Assume that the beauty effect is added to the live broadcast scene. Looking sideways from the table, the experimental audience groups in the two rows control whether the audience can see the difference before and after the live beauty treatment. The columns in the table represent the actual impact of whether the anchor has beauty or not. Combining the above two aspects, the beautification function will be enabled for the video if and only when the anchor of the experimental group compares with the audience of the experimental group. In fact, the other three groups cannot see the beauty function. But there is a difference between BC not seeing beauty and D not seeing beauty. AD distinction is a common scenario in regular AB experiments. This scene uses a bilateral design to observe whether there is overflow on the audience side.

As for the anchor beauty, there is no beautification function. If there is no audience overflow, the BD data should be consistent, but in fact, if there are differences in the data BD, if The anchor does not have a beauty function. If the audience sees the beauty function on other anchors, the actual effect will have a positive or negative impact. In the same way, overflow on the anchor side can also be done through this kind of bilateral experiment to better understand the mechanism of the experiment and whether there is overflow on both sides of the experiment.

2. Challenges of incentive strategies

# #In the supply-side-consumer-side ecosystem, business duration requires policy traffic support. This is the incentive strategy, which mainly includes the following three scenarios:

(1) The operation introduces high-quality authors, but the data performance of the authors on the platform is not sure;

(2) Some businesses need to mine specific types of authors to Some macro-control traffic support will be given to strengthen traffic distribution;

#(3) Under the platform’s will scenario, it is considered that the platform will develop in a certain direction.
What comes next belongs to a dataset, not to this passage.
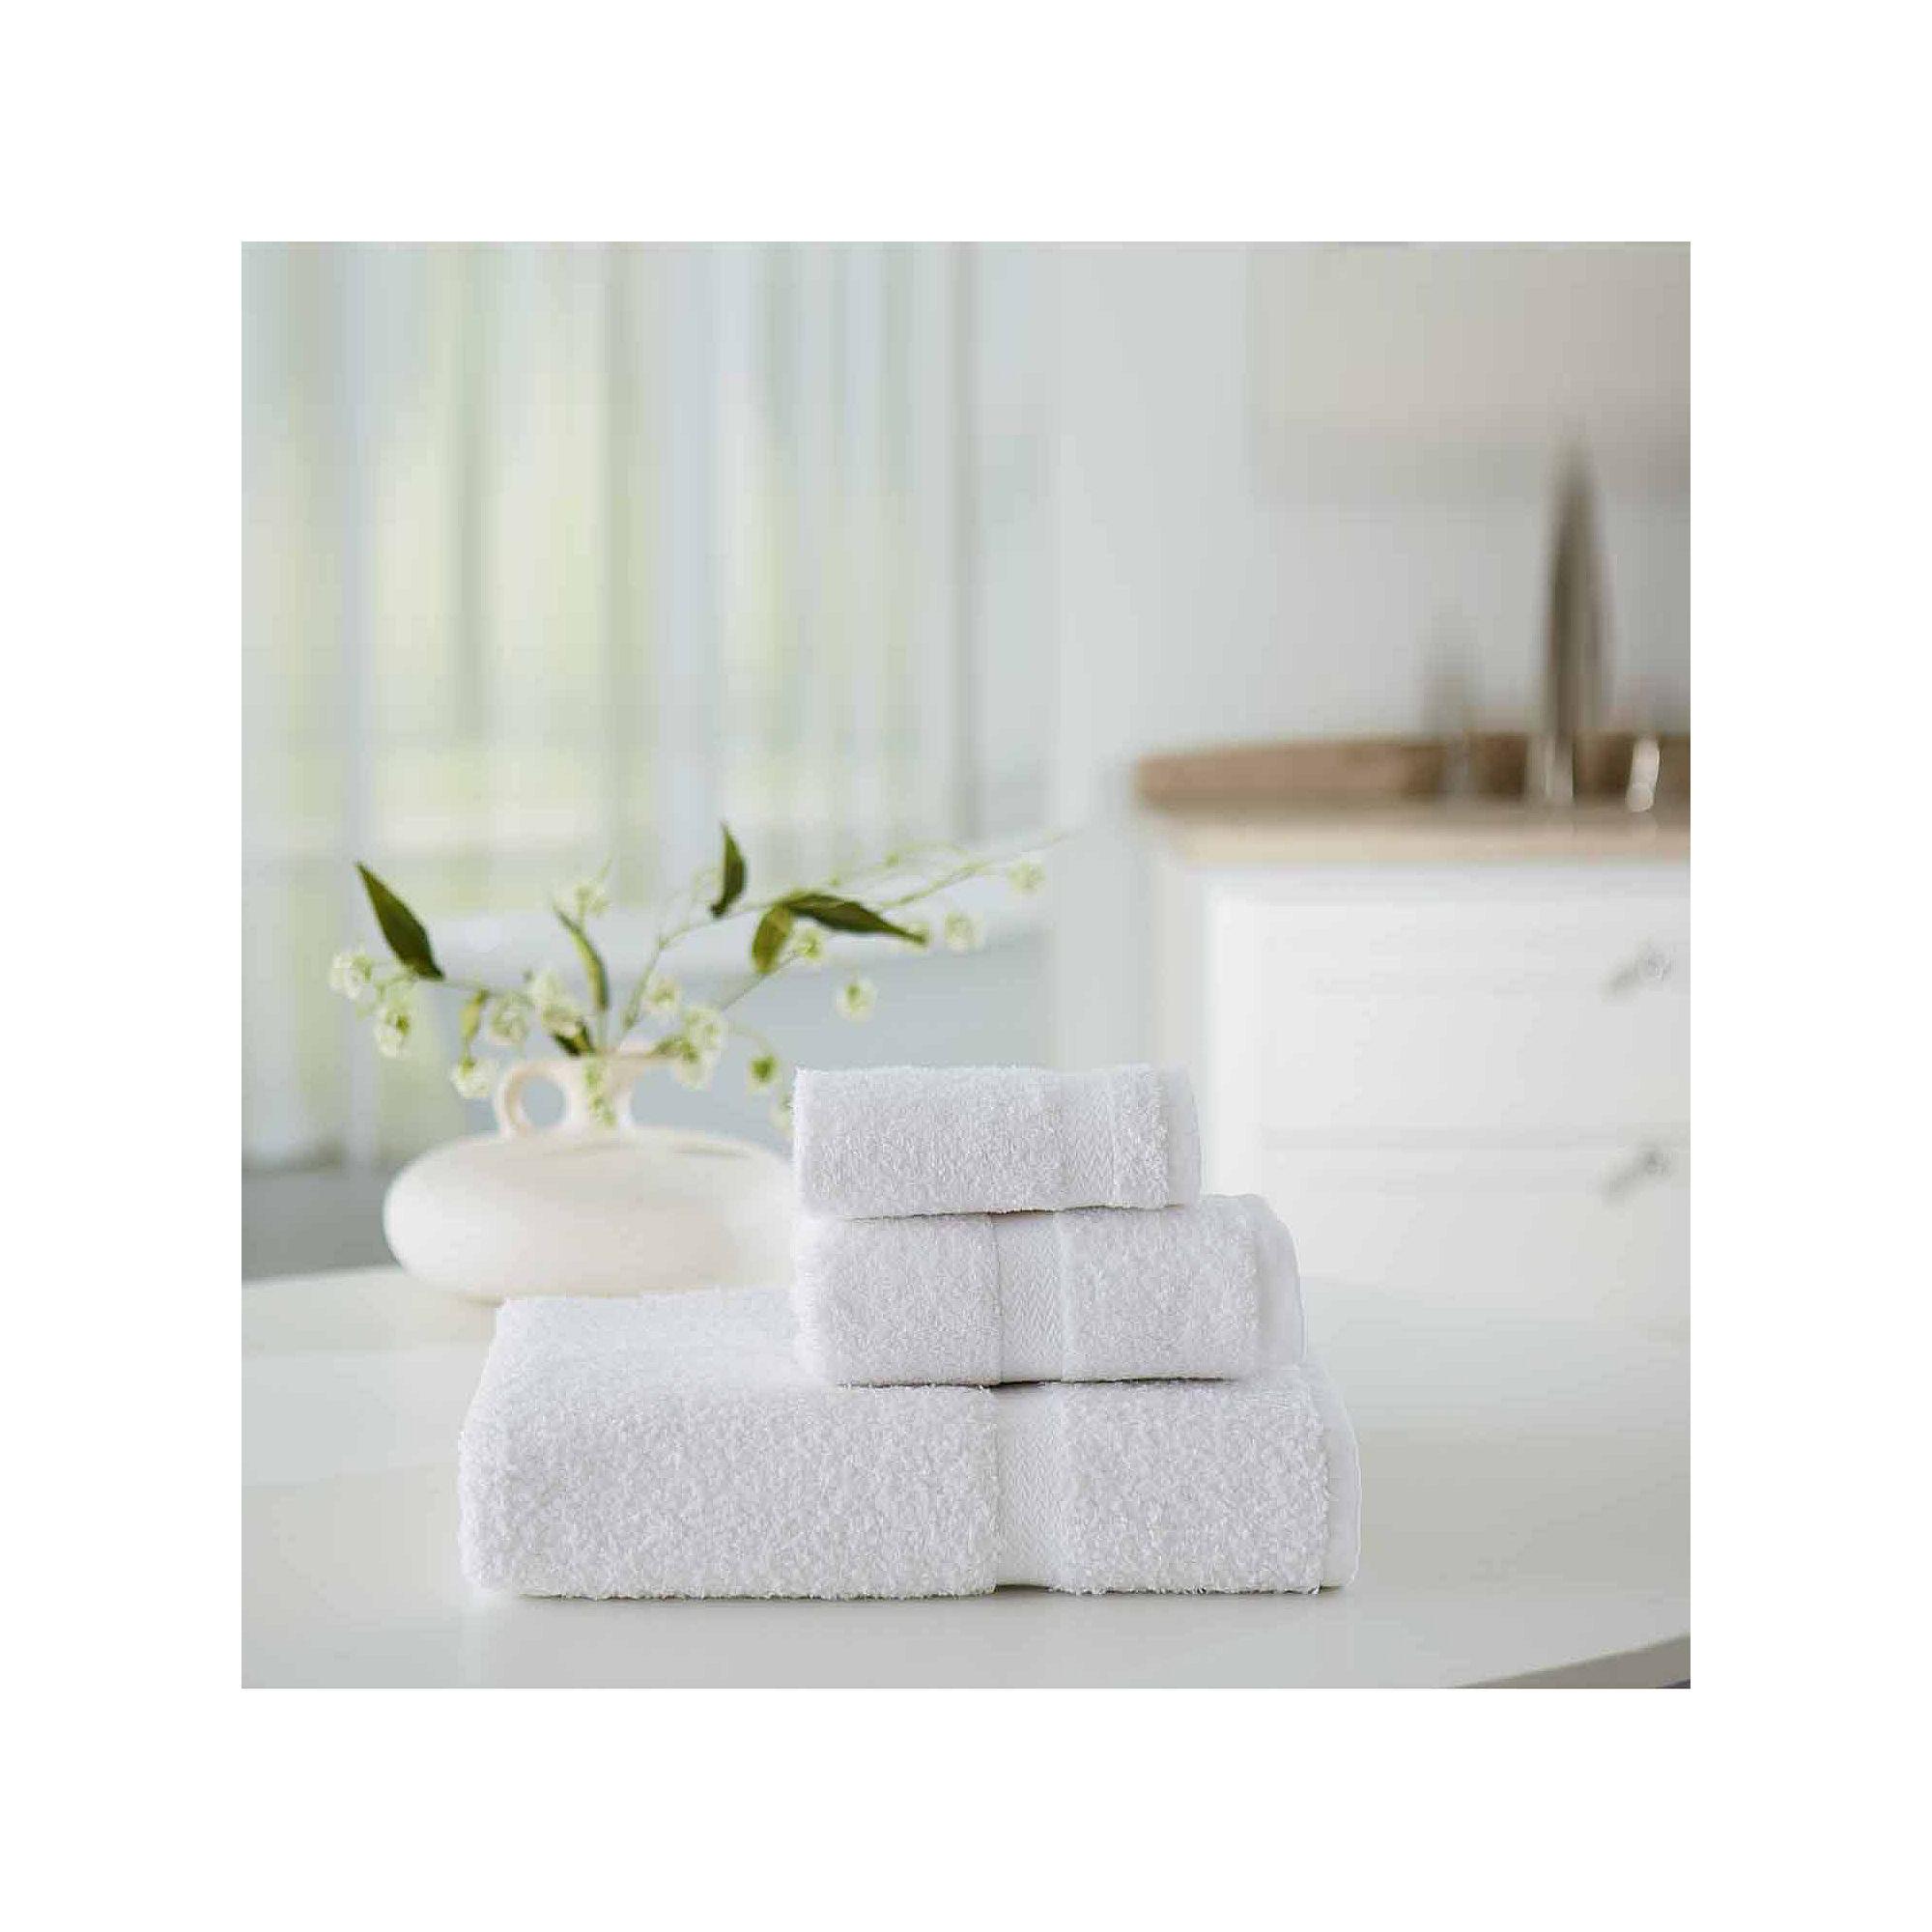 Welington 60-pc. 27x50 Bath Towel Set

Change the traffic distribution method to strengthen the supply of certain corresponding content.

In the above scenarios, it is often not a method of online learning, but a macro-control of platform traffic from a human perspective. For those that focus on the relatively long term, it is necessary to observe the learning effect (promoting production, etc.), and methods such as time slice rotation are not tried. For example, the following scenario: provide traffic support to authors with a type of directional traffic to study whether the interaction and production of such traffic can last long in a long-term scenario.

The first is crowding on the author side: most of these experiments, the total exposure of the platform The number is limited, and under the scenario of platform support, the exposure of authors in the experimental group increases, while the exposure of the unsupported control group decreases. If the author's cold start exposure increases more than the reader's cold start exposure, it proves that there is crowding.
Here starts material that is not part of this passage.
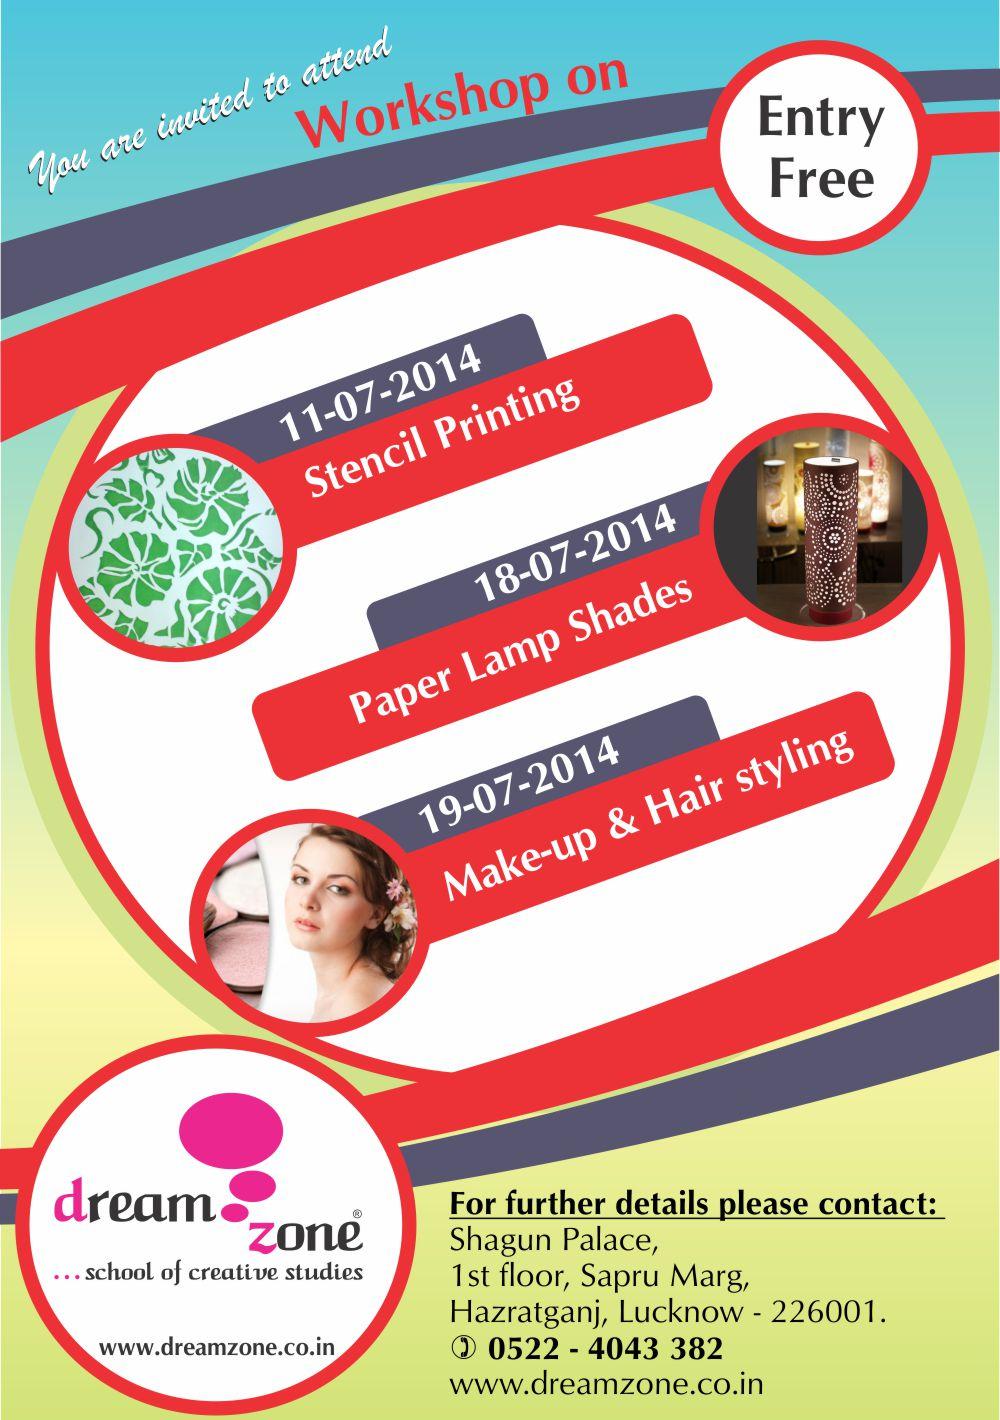 Dream Zone Hazratganj Workshop On Interior And Fashion Design Best Graphic Architecture Courses Training Institute

According to the above figure, based on the relationship between the experimental group and the control group and the relative baseline diff of each group's exposure, it can be seen that as the experiment begins, the author's boost will eventually pass The recommendation system not only passes it to user group B but also to user group A, and the exposure diffs of author B, user B, author B, and user A are basically consistent. Traditional experiments have been devoted to correcting the traffic situation distorted by this strategy.
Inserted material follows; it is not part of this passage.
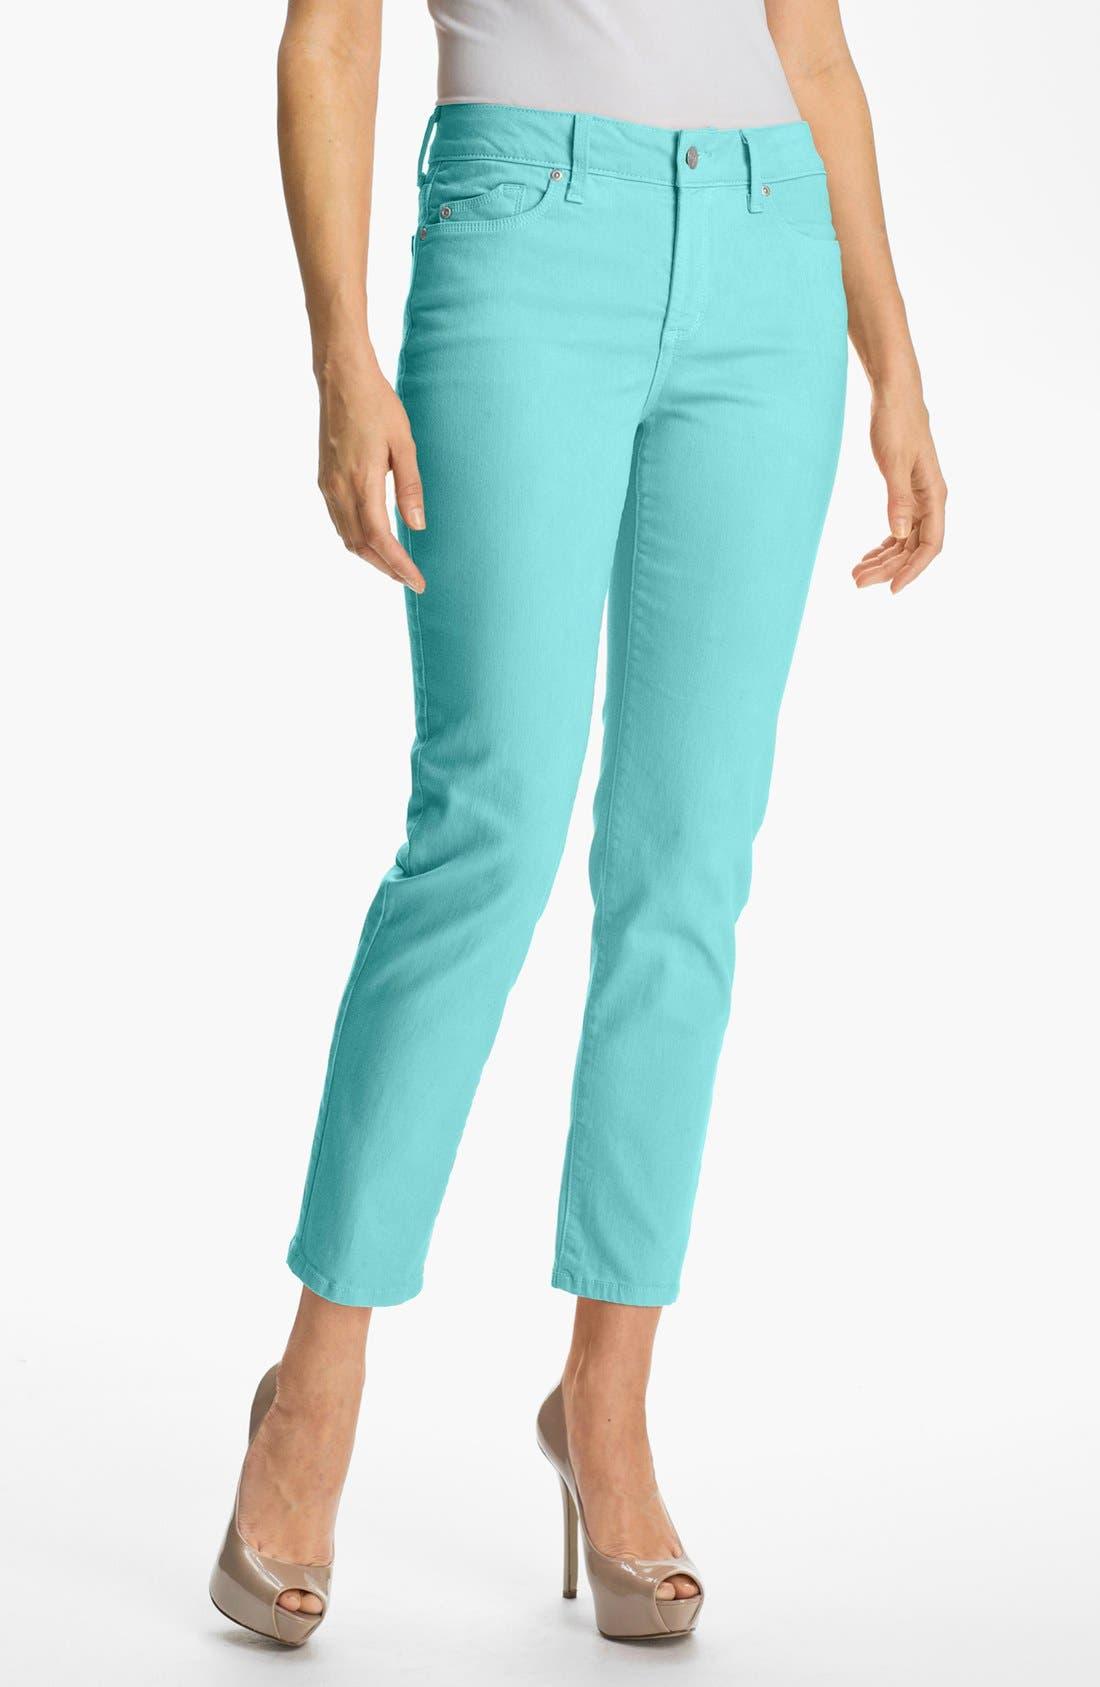 Alternate Image 1 Selected - NYDJ 'Alisha' Colored Stretch Ankle Skinny Jeans

SUTVA Assume that individual i is only assigned to the experimental group with itself during the experiment Or it is related to the control group and has nothing to do with which group the other nodes are in under the experimental system, regardless of whether the other nodes are in a cooperative or competitive relationship. SUTVA is the most basic assumption for obtaining effective conclusions in AB experiments.

#The actual bilateral network violates the SUTVA assumption.

##In the short video scenario, if each recording strategy is regarded as a Sorting Algorithm. Different incentive strategies represent different ranking results of short videos. RC in the above figure represents the control group, RT_25% is the algorithm sorting combination when the experimental group traffic is 25%, and RT represents the experimental group's experimental push of 100% algorithm sorting combination. BCDE is the experimental target user type, that is, the selected incentive author works. And D means that when the experimental inference is 25%, it falls exactly in the experimental group. Suppose that through the recommendation weighting method, D is ranked directly to the front position. If the strategy increases to 100%, BCDE will be weighted. In this case, the ranking of D works will decrease. This scenario is the crowding of the experimental group and the reason for the crowding.

3. Optional solutions

1. Option 1: Gradually expand

The sorting gap of the experimental group will gradually approach as the data proportion of the experimental group expands, and the squeeze-out effect will decrease as the traffic of the control group decreases.

#[First Mover Advantage] During the experiment, it was found that in the scenario of traffic support, with equal support intensity, supporting the author first will always maintain the traffic advantage. The logic of earlier support and accelerated excavation process is consistent.

​Experimental details of phased expansion: The above figure shows the phased expansion, and the ordinate is the difference in powder growth data relative to the base group. At the beginning of the experiment, 20% of the experimental group only supported experimental group 1, and the data indicators of experimental group 1 began to rise; when the experiment increased to 60%, experimental groups 123 began to support, and the experimental indicators of the other two groups also began to rise, but there was still no Exceeded experimental group 1; later changed the experimental group to 124, and found that 4 also began to improve, but 4 still could not surpass experimental group 3.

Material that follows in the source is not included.